The issue here is how Bank of America revoked its waiver of escrow payments and
whether Bank of America has a practice of inducing customers to accept loan products they may
not want, the essence of Mr. Drena’s CUTPA claim, not whether Bank of America acted
fraudulently “to collect or attempt to collect [the underlying] debt.” Conn. Gen. Stat. § 36a-646.
Moreover, as discussed in more detail below, see infra Part III.C., the record demonstrates Bank
of America timely and properly reviewed the Drenas’ home mortgage loan for foreclosure
prevention options.
There is no genuine issue of disputed fact as to whether Banks of America’s conduct
violated the CCPA. Bank of America’s motion for summary judgment on this count therefore is
granted.
C.
INNOCENT MISREPRESENTATION (Count Three)
Mr.
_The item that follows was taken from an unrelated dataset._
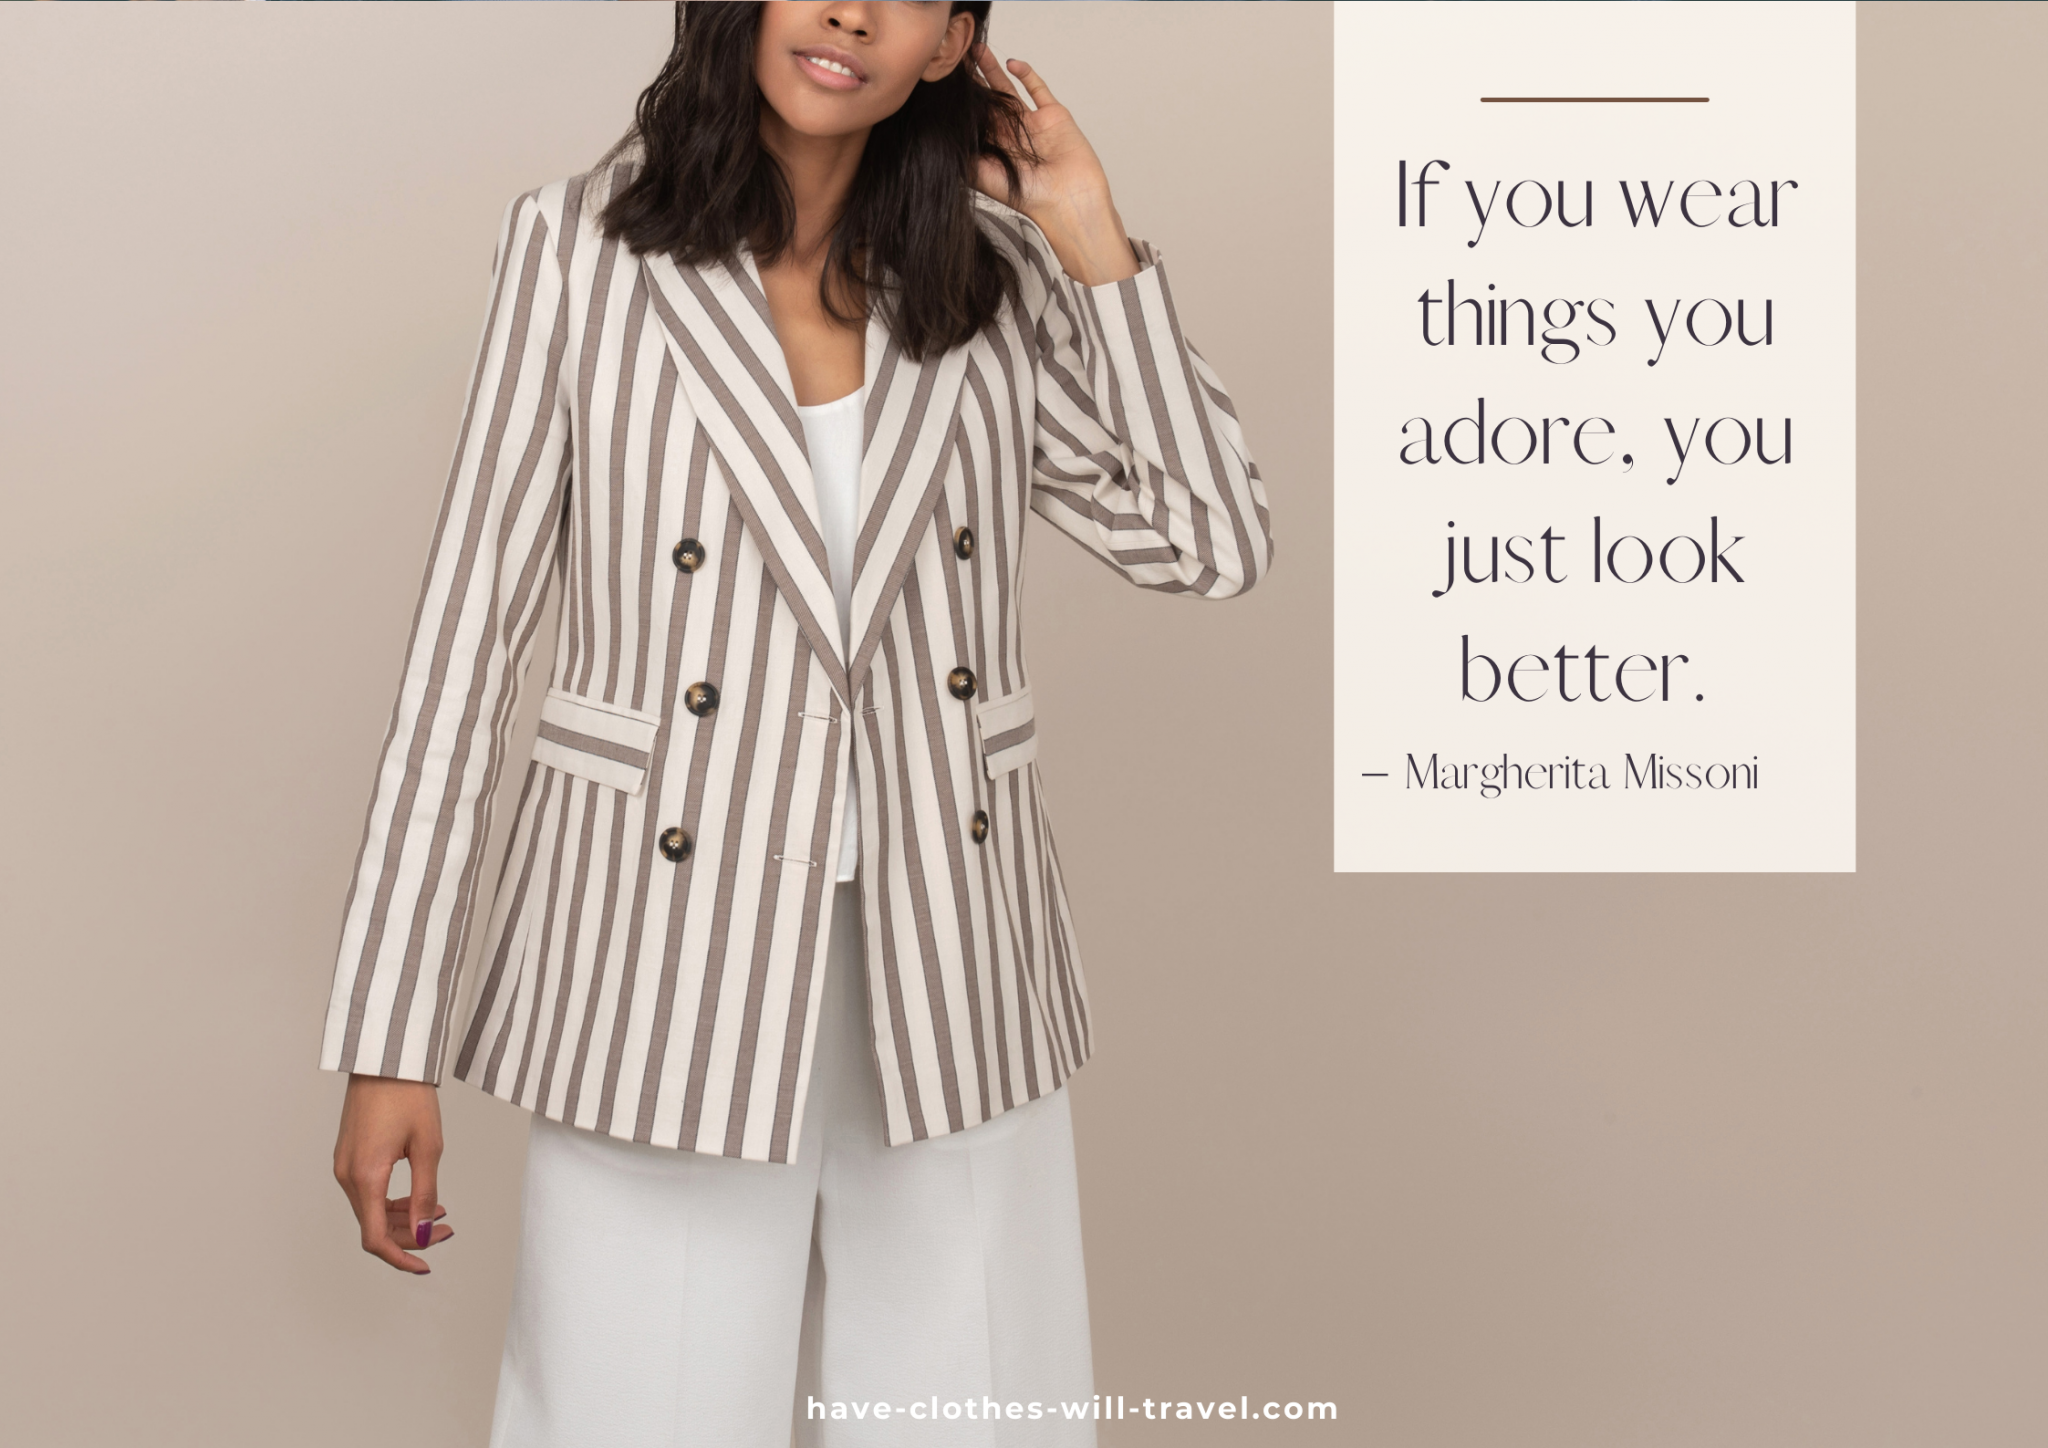 A model poses in front of a neutral background, wearing a white and brown striped blazer over white top and pants. Text on the image says, "If you wear things you adore, you just look better. – Margherita Missoni"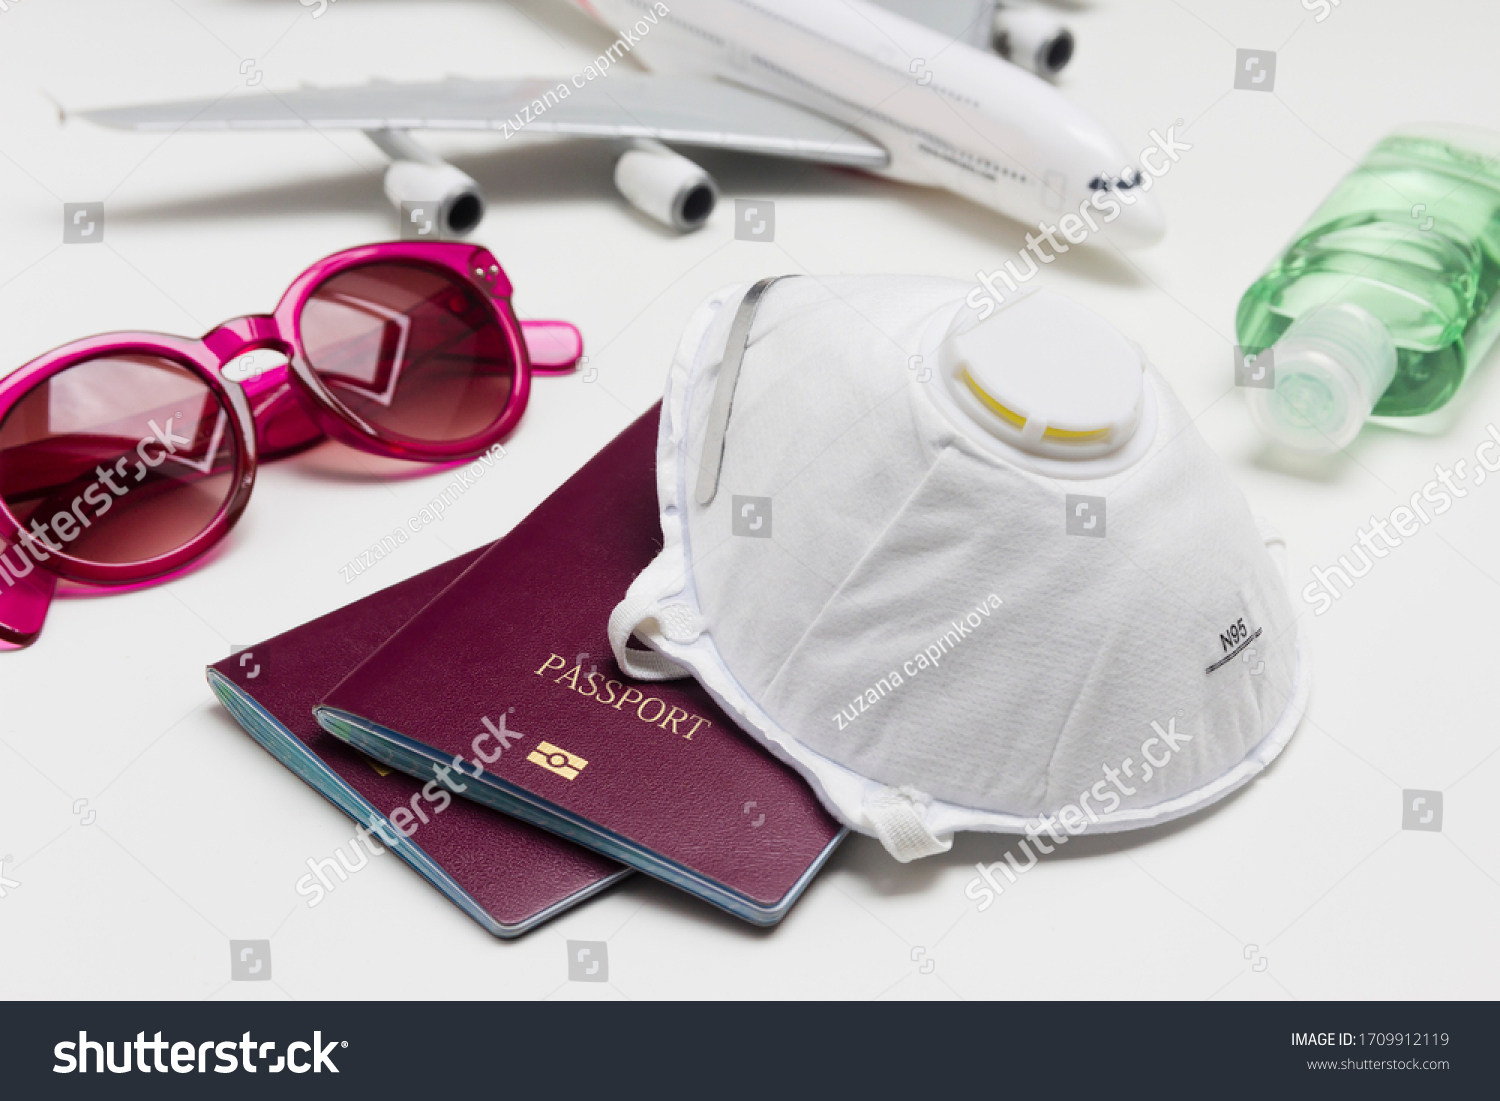 Travelling during the coronavirus outbreak. Passport with face mask, sunglasses and hand sanitizer gel. Travel and Holiday concept corona virus epidemic.  #1709912119

Drena also claims innocent misrepresentation. That claim is premised on the theory
that Bank of America misrepresented to him that his “loan would be timely and properly
22
reviewed for foreclosure prevention options” over a four year period. Compl. ¶ 50. An innocent
misrepresentation claim has the following elements: “(1) a representation of material fact (2)
made for the purpose of inducing [the plaintiff to act], (3) the representation is untrue, and (4)
there is justifiable reliance by the plaintiff on the representation by the defendant and (5)
damages.” Frimberger v. Anzellotti, 594 A.2d 1029, 1034 (Conn. 1991).
After drawing all reasonable inferences in Mr. Drena’s favor, he has failed to show that
there is a genuine factual dispute concerning whether Bank of America falsely represented that it
would timely and properly review the home mortgage loan for foreclosure prevention options.
Rather, the record demonstrates Bank of America timely and properly reviewed the home
mortgage loan for foreclosure prevention options by (i) reviewing Mr. Drena’s HAMP
modification requests, (ii) offering the Drenas trial period plans and a permanent loan
modification, and (iii) advising the Drenas of alternatives to foreclosure.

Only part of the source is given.